During the last two weeks of the school term, students in the Oregon Health and Sciences University course CSE 564 and the Portland State University course CS 410/510 created several XHTML plus Voice (X+V) applications. Students had a working knowledge of XHTML and VoiceXML but no previous knowledge of X+V. I presented an hour overview of X+V syntax and two sample applications to students in both courses. Teams of two students were formed to design and implement a multimodal application within two weeks. The table below contains some of the student projects. If you install the Opera browser and the voice plug-in, then you can experience these multimodal applications. By clicking "source" under the "view" pulldown, you can examine the source code to see how students implemented the multimodal user interface.

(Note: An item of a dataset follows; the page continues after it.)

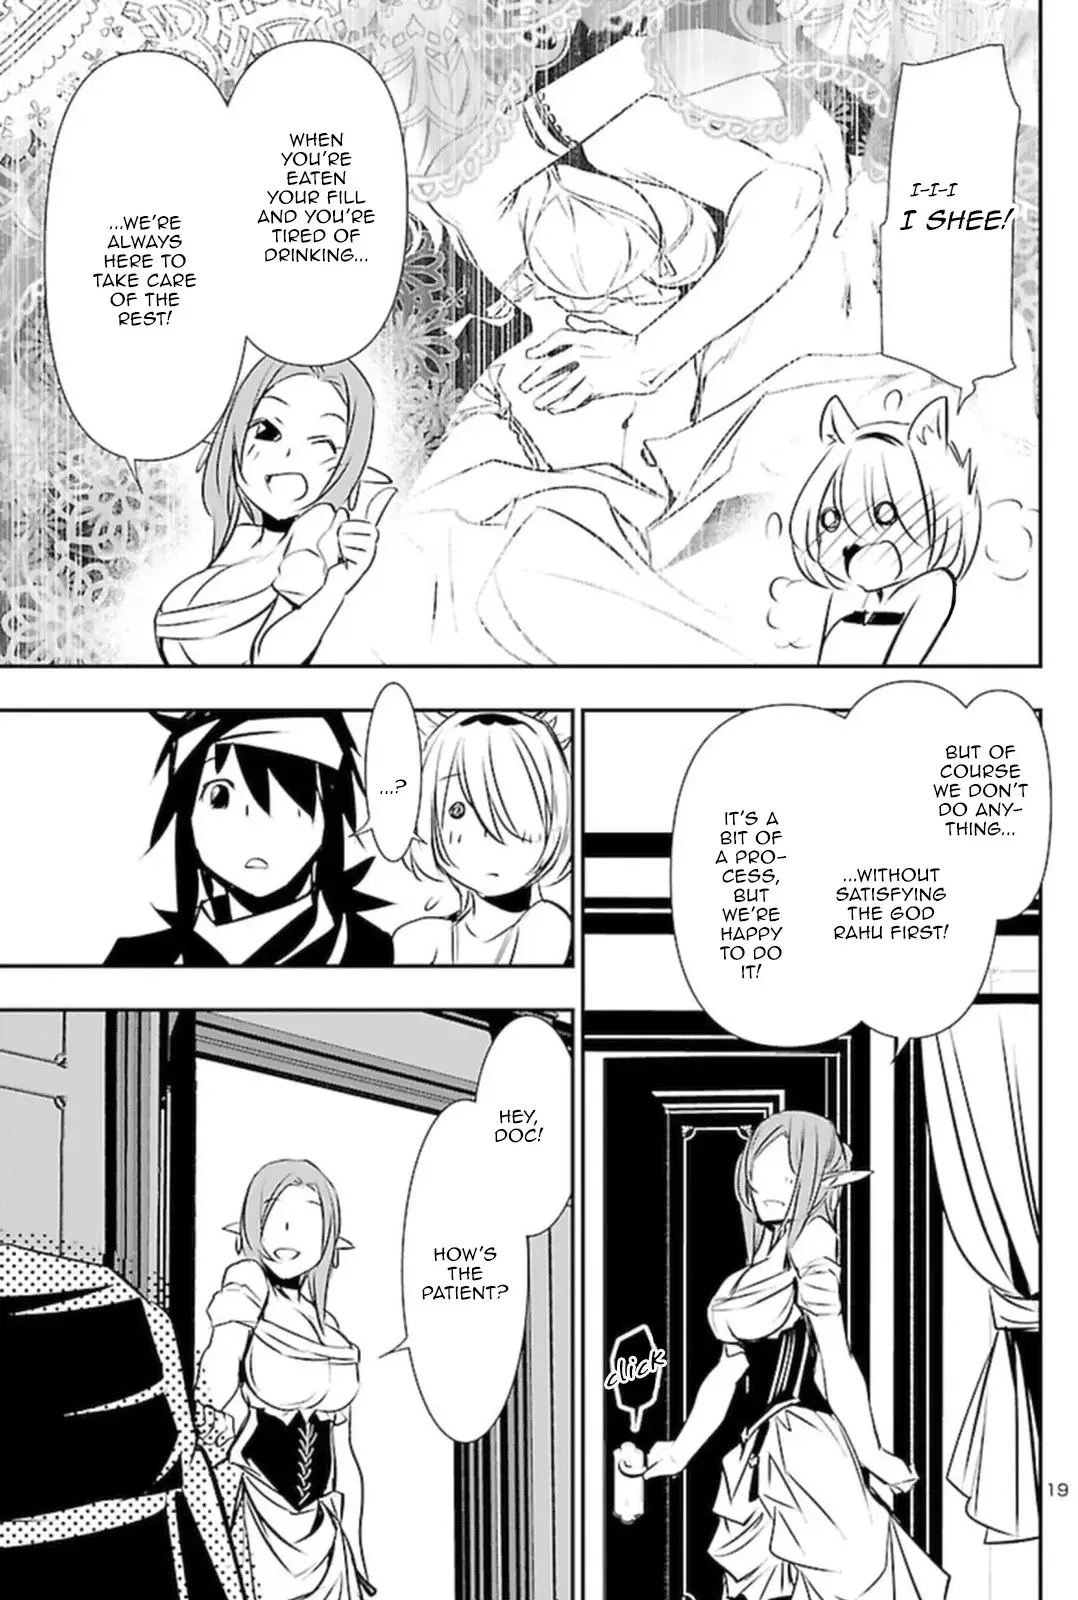 Shinju no Nectar - 53 page 19

Project number	Project Name	Author	URI	Comments
1	Kid's holiday craft projects	Ashley Irving	ashley/home.xml	Choose the project by saying its number. Page through the instructions by saying "next." Do you think that the content should be spoken in addition to being displayed on the screen?
2	Making a peanut butter sandwich	Emerson Murphy-Hill	No longer available	Page through the instructions by saying "next," "back," or "read."
3	Buying a car	Glenn Diviney	glenn/index.xml
4	Origami	Khanh Duong	No longer available
5	Collecting health data	Sunil Lahudia	sunil/healthData.xml
6	Buy movie tickets	Oindrila Mukherjee	qindrila/movieSel_test.xml	Use the name "James Bond" on the second screen to reserve tickets.
7	National park tours	Medha Nirguide	medha/Main.xml
8	Restaurant menu	Quang Nguyen	quang/project3.xml
9	Banking	Rajeshwari Patil	No longer available	Account = "10"; Passcode = "hello". Amounts must be in increments of 100.
10	Library	Frank Adrian and Ken Anderson	No longer available
11	Quick finder	Driss Takir	driss/voice.xml
12	Order computer	Ashwini Kulkarni	ashwini/login.xml	Use "david" for the user name and "capital" for the password.
13	Personal travel pictures	Chris Holm	chris/index.vxml	Say "next" or "previous" to view the cities.
14	Animal shelter	David Graves and Dina Suehiro	dina/index.xml
15	Cyber reader	Tom Feliz	tom/index.xml	Hear how much better a recording is than TTS.
16	Picture album	Ricky Cancro	No longer available	PHP to generate XML code for a picture album.
17	Flash cards (addition)		jim/flashCardAddition.xml
18	Tune your violin	Based on a SALT program developed by Deborah Dahl, chair of the W3C Multimodal Interaction Working Group	dahl/tune.xml	Both hands are busy as a violin player requests to hear tones so the violin player can tune the violin.
19	Music world	Doan Ng	doan/mainpage.xml	This application simulates a hardware device with a push-to-speak button. You must click the "push to speak" soft button as you press the (default) ScrLk button on your computer.
20	The game of "go"	Sean Pearson	http://web.pdx.edu/~seanp/school/cs410/capturego.cgi

I have categorized the student projects into the following categories.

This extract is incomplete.